Response of MutS to sequential blocking of MMR steps. (A) Schematic diagrams showing the first four steps of MMR, including replisome binding, mismatch recognition, ATPase activity, and MutL recruitment, each of which is blocked in one of four mutant strains. (B, F, and J) Two-color images of representative cells from MutS800, MutS[F30A], and MutS[K608M] strains. (C, G, K, and N) Localization probability density maps of untreated cells for each strain generated from N cells with two replisome clusters. Pearson correlation coefficients between DnaX and MutS densities are listed in the lower right corner of corresponding MutS density maps. Note that MutS density maps may exhibit similar intensity levels but have different correlation coefficients because of differences in the positioning of corresponding DnaX density maps. (D, H, L, and O) Density maps of 2-AP–treated cells. (P) Density maps for 2-AP/HPUra double-treated cells from the ΔmutL+ strain. HPUra restores MutS enrichment around the replisome and also causes simultaneous shifting of DnaX and MutS localizations toward cell center. (E, I, M, and Q) Diffusion coefficients of MutS-PAmCherry variants as a function of separation distance from the nearest replisome.

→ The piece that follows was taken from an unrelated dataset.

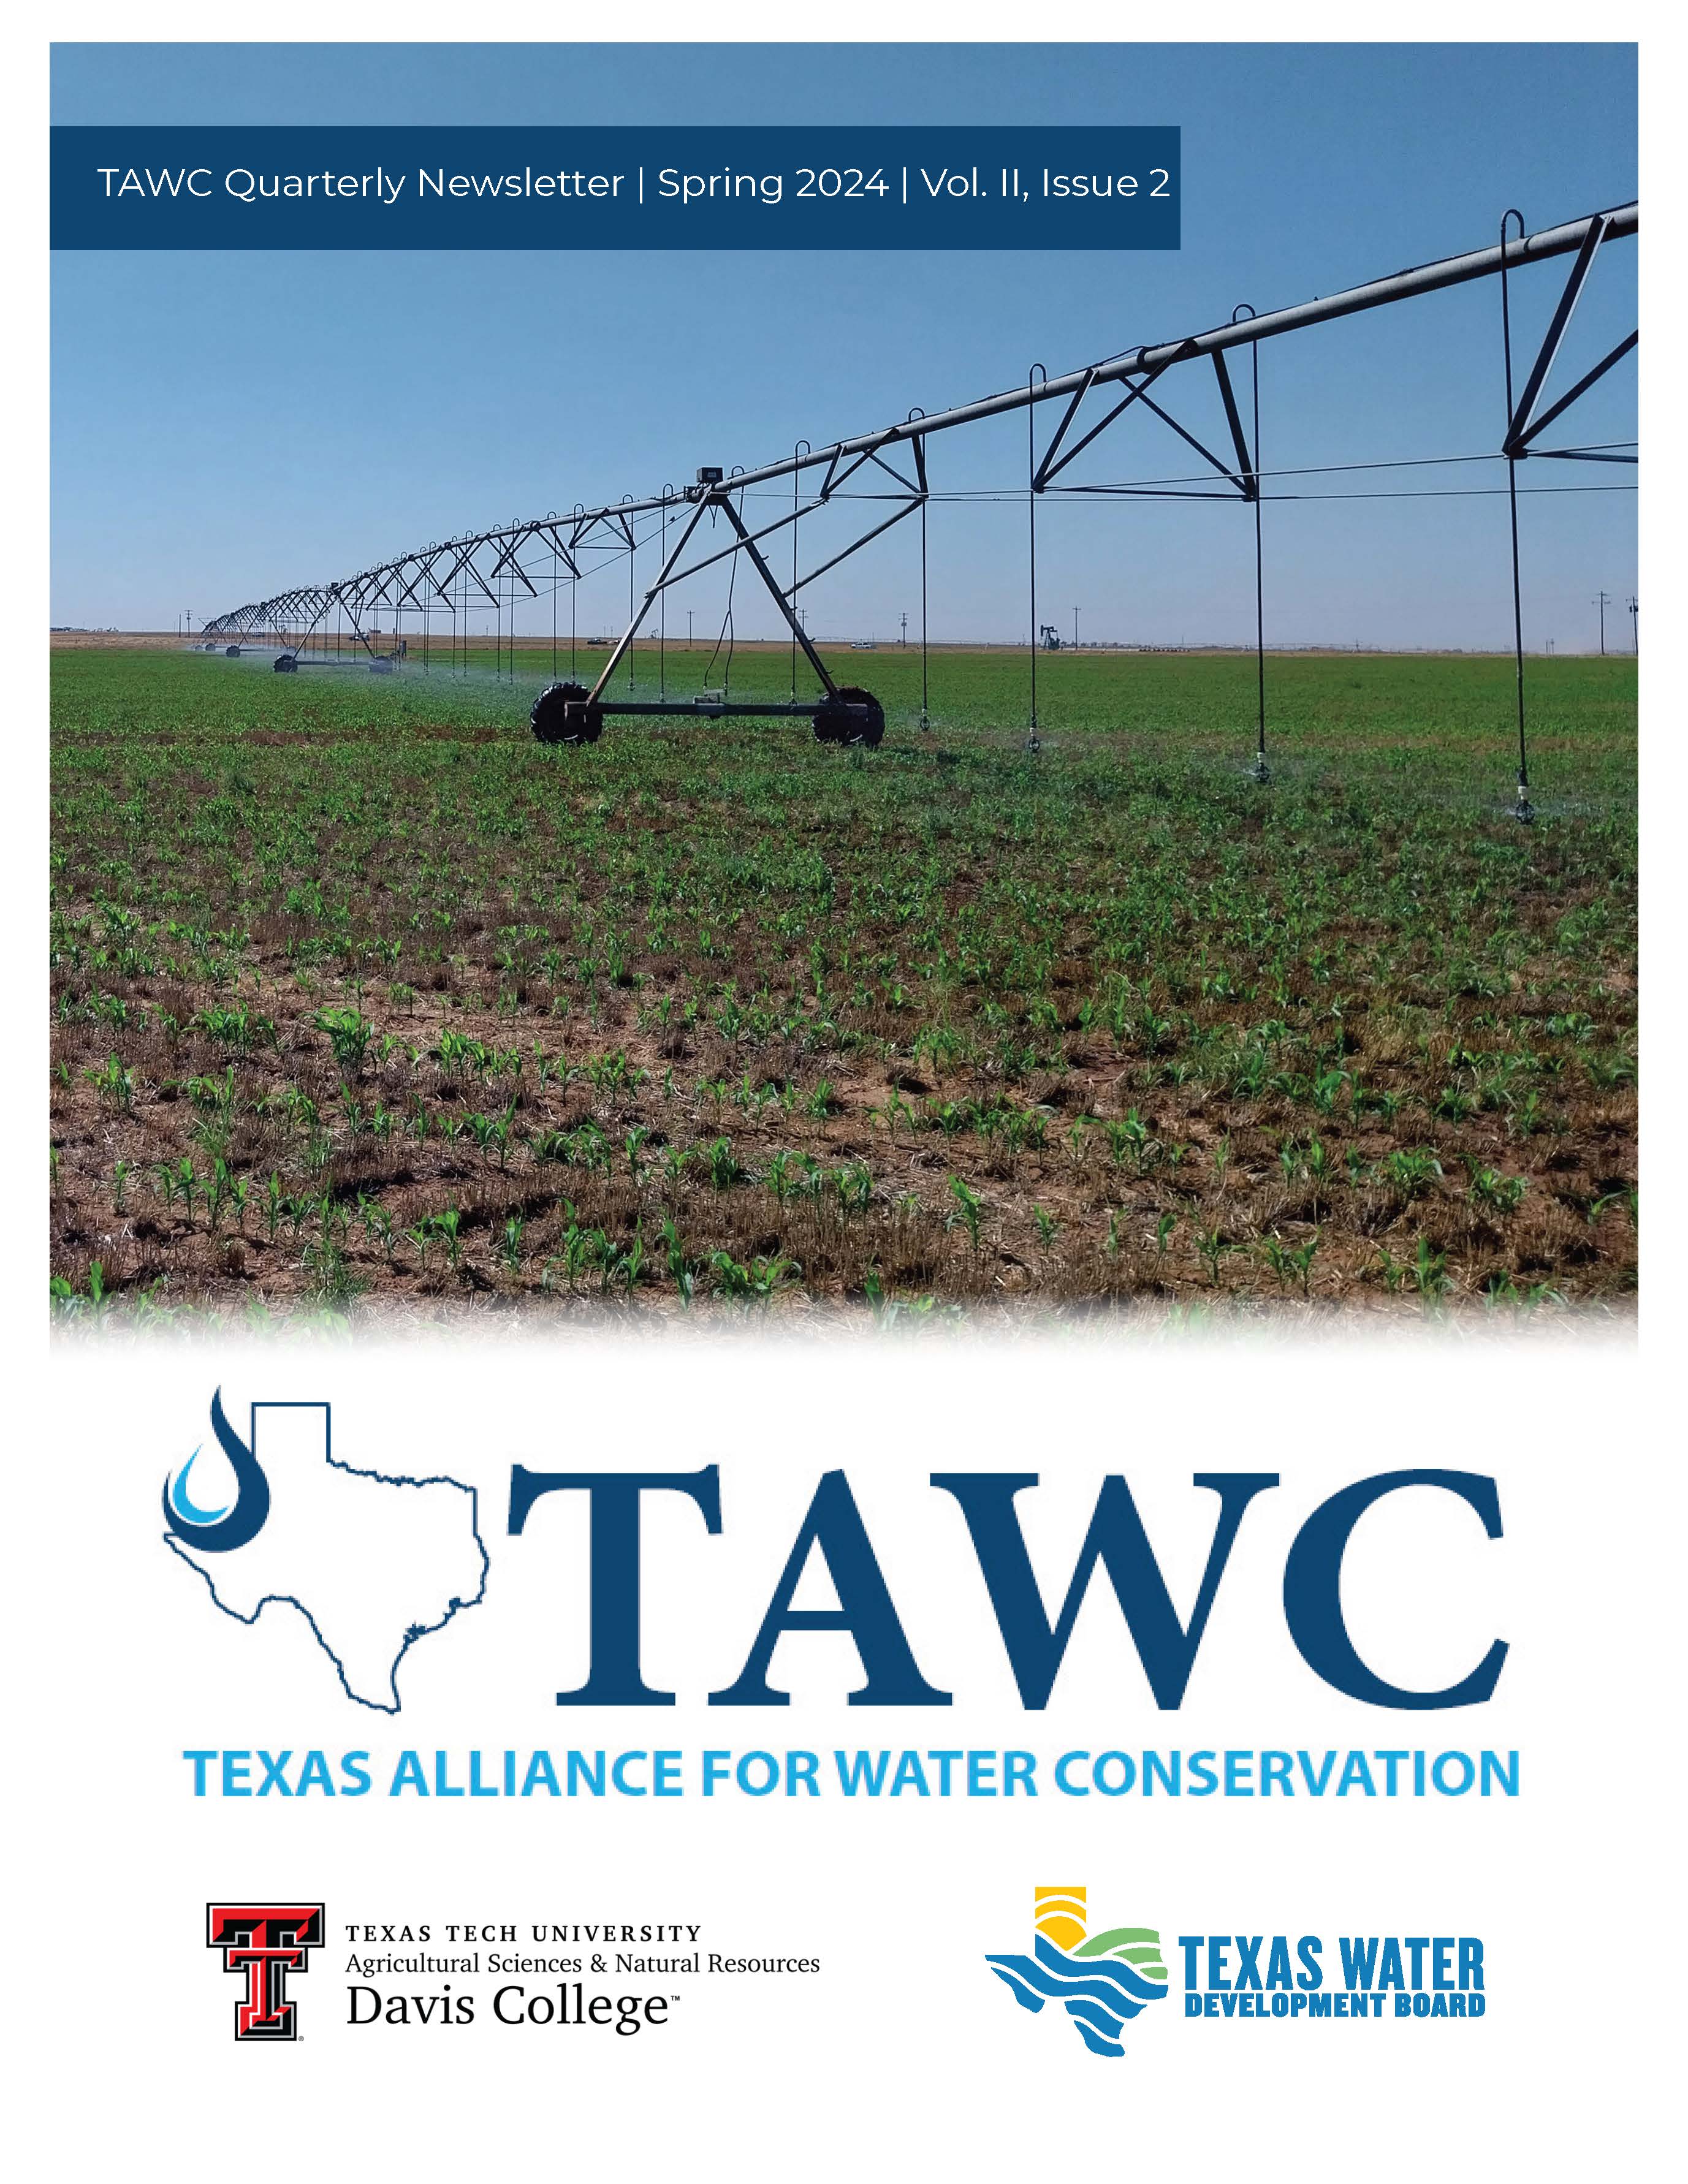 TAWC Newsletter

Error bars indicate 95% confidence interval.

Fig. 6.

MutS recruitment to DNA on replication initiation and interaction with DNA polymerase subunits. (A) Analysis of pooled ChIP-seq data from two independent experiments showing the enrichment levels of MutS and the polymerases DnaE and PolC along the chromosome 10 min after DNA replication initiation. Pearson correlation coefficients (r values) are shown for genome-wide ChIP-seq enrichment profiles of DnaE/MutS and PolC/MutS. The position of oriC is indicated by an arrow above the plots. (B) Overlaid enrichments of MutS, PolC, and DnaE from A in a window of the genome near oriC. (C) Co-IP of DnaE and PolC with MutS using affinity-purified antiserum directed against MutS. Lane 1, 5% input; lane 2, anti-MutS immunoprecipitation.